The paper I linked to so many paragraphs ago is a good shot, though, at taming this stuff for plain glucose-style glycosylation. The authors have a glycosyl fluoride protocol worked out (calcium hydroxide turns out to be a key addition) that seems to give pretty solid results on tyrosines (and phenols in general). What’s really impressive is that it works under aqueous conditions, using an unprotected sugar, and works on native (unprotected) proteins and peptides. It’s not perfect – you still get some glycosylation on other residues (serine, etc.), but it’s certainly the best I’ve ever seen. It would be interesting to see what happens when you try it on a protein with several possible tyrosines or with competing Cys residues, and I get the impression that the authors are heading there next. But even as it stands, this looks like a significantly better option than anything else out there for fast one-step glycosylation without messing around with protecting groups.

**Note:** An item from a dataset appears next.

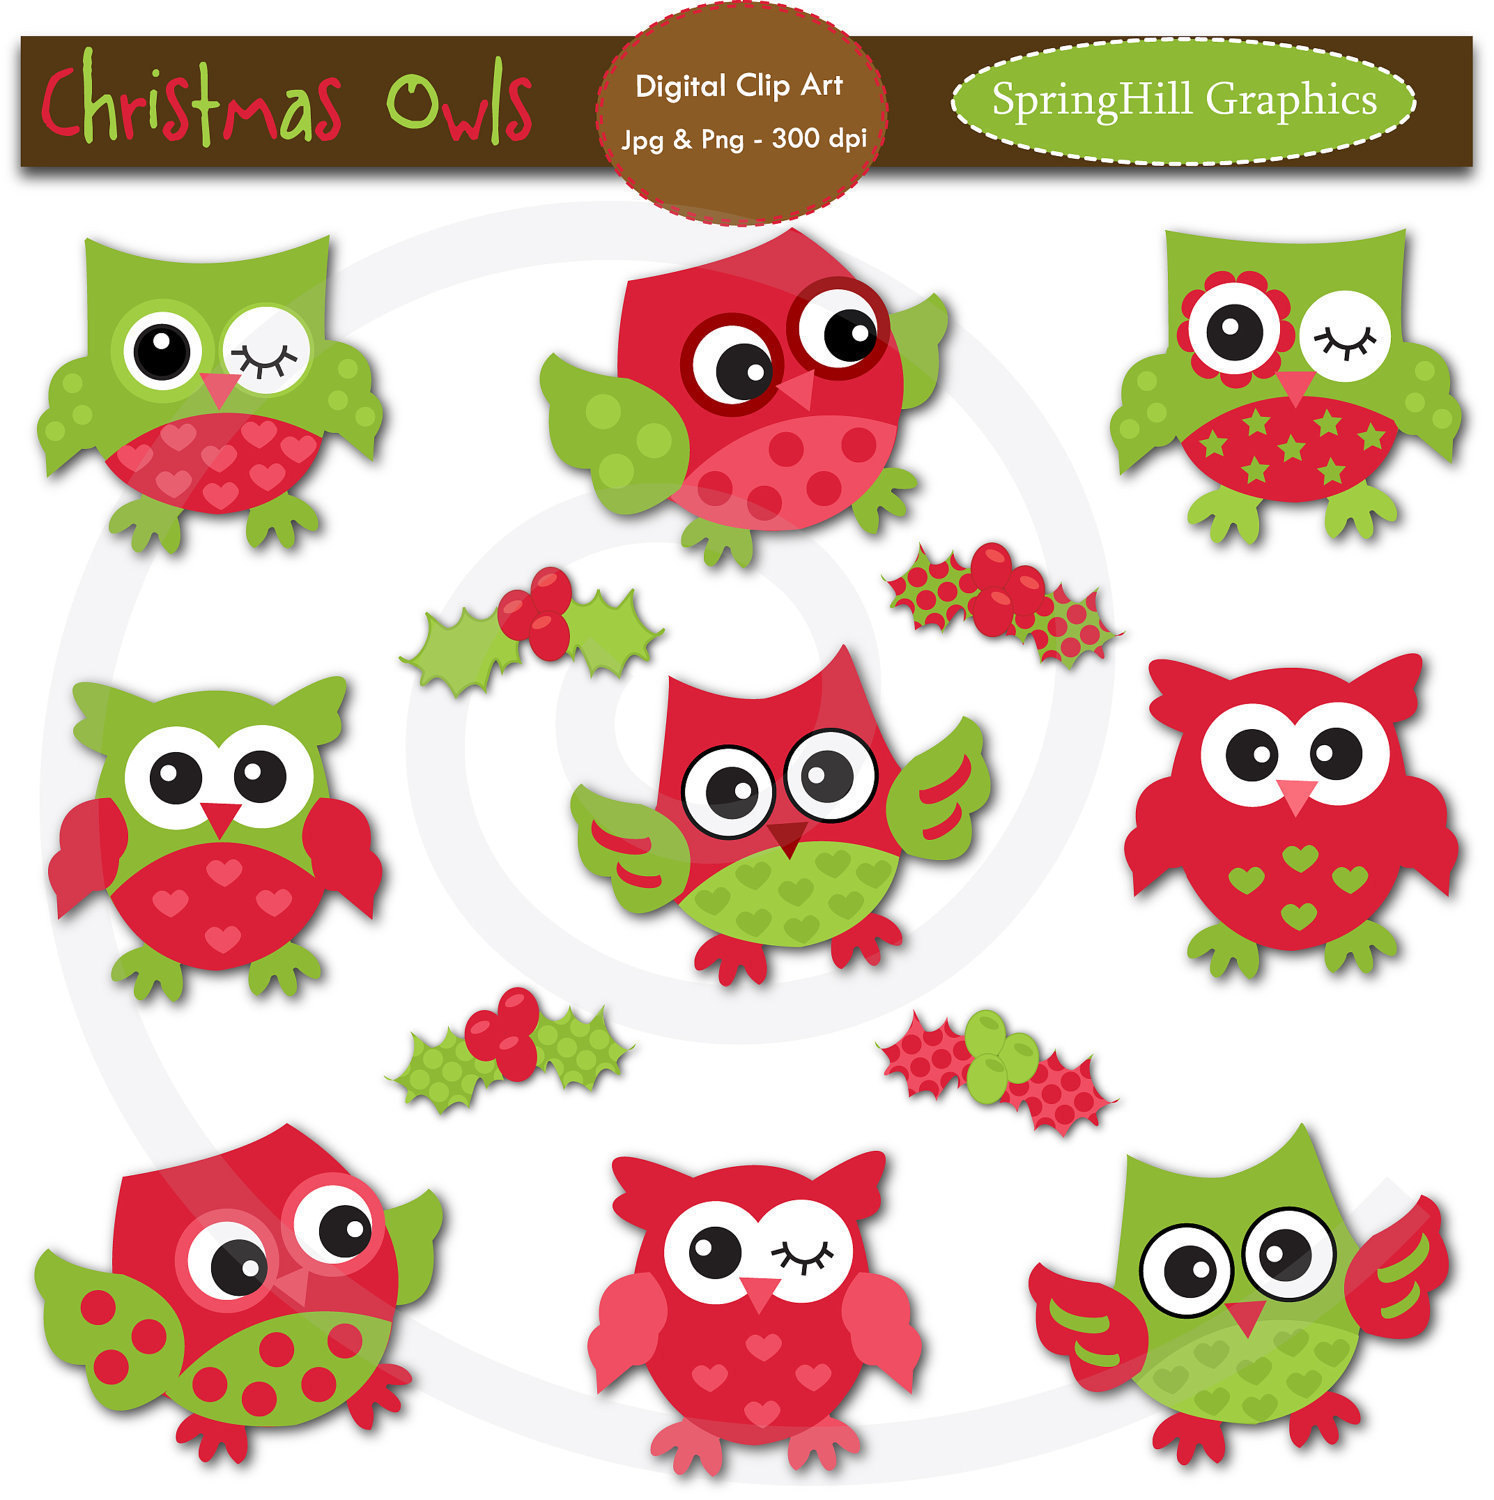 Free Whimsical Owl Clip Art Submited Images   Pic2fly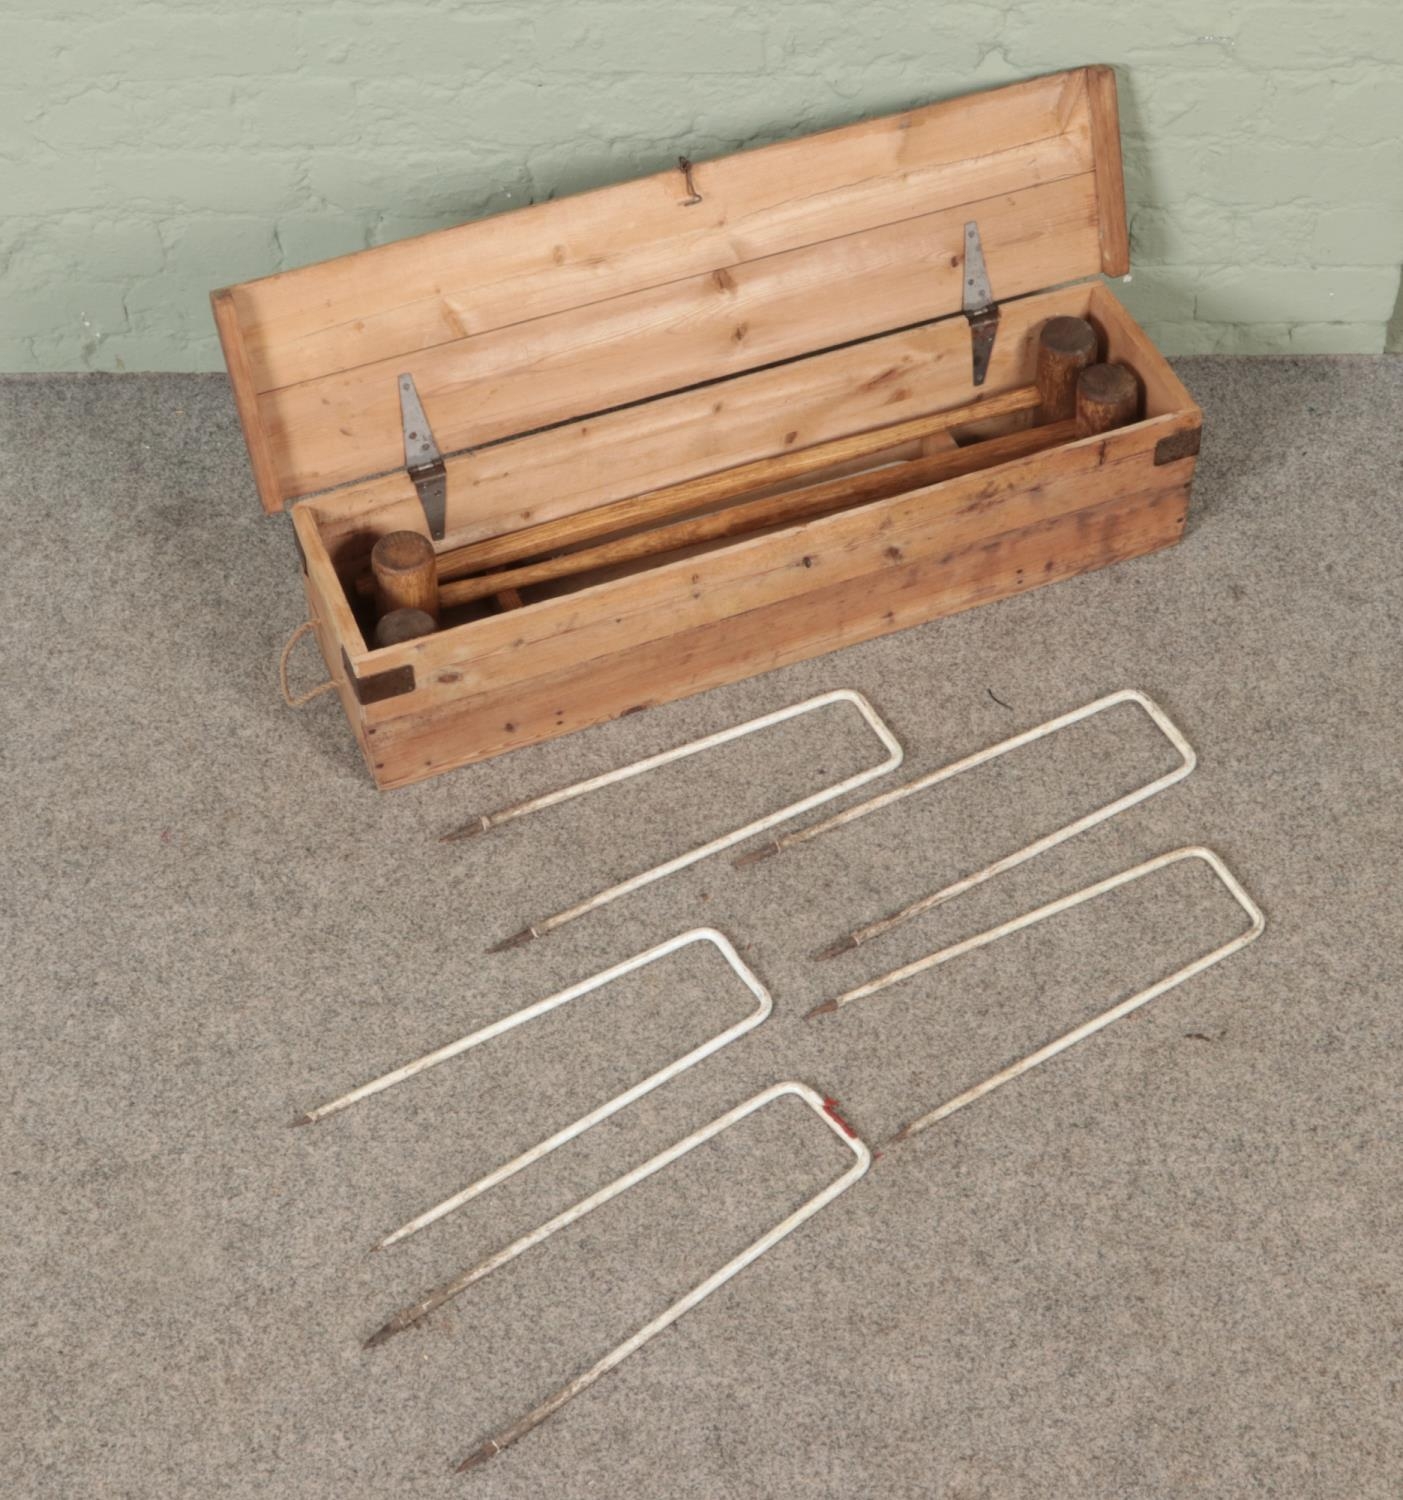 A vintage Croquet set with fitted wooden case. Missing balls.

The sorts of tools that are available for synthesizing, manipulating, and analyzing proteins and nucleic acids are (in general) just not available for carbohydrates. They either don’t exist anywhere or haven’t been domesticated from their biochemical forms. Only in recent years has the dream of automated polysaccharide synthesis come close to reality. Even in this paper, it’s worth noting that the authors weren’t really able to tell what all those other minor glycosylated side products were; it would be a major effort to run all those down. But this stuff is important, and every new technique that makes it easier to work in the area is welcome.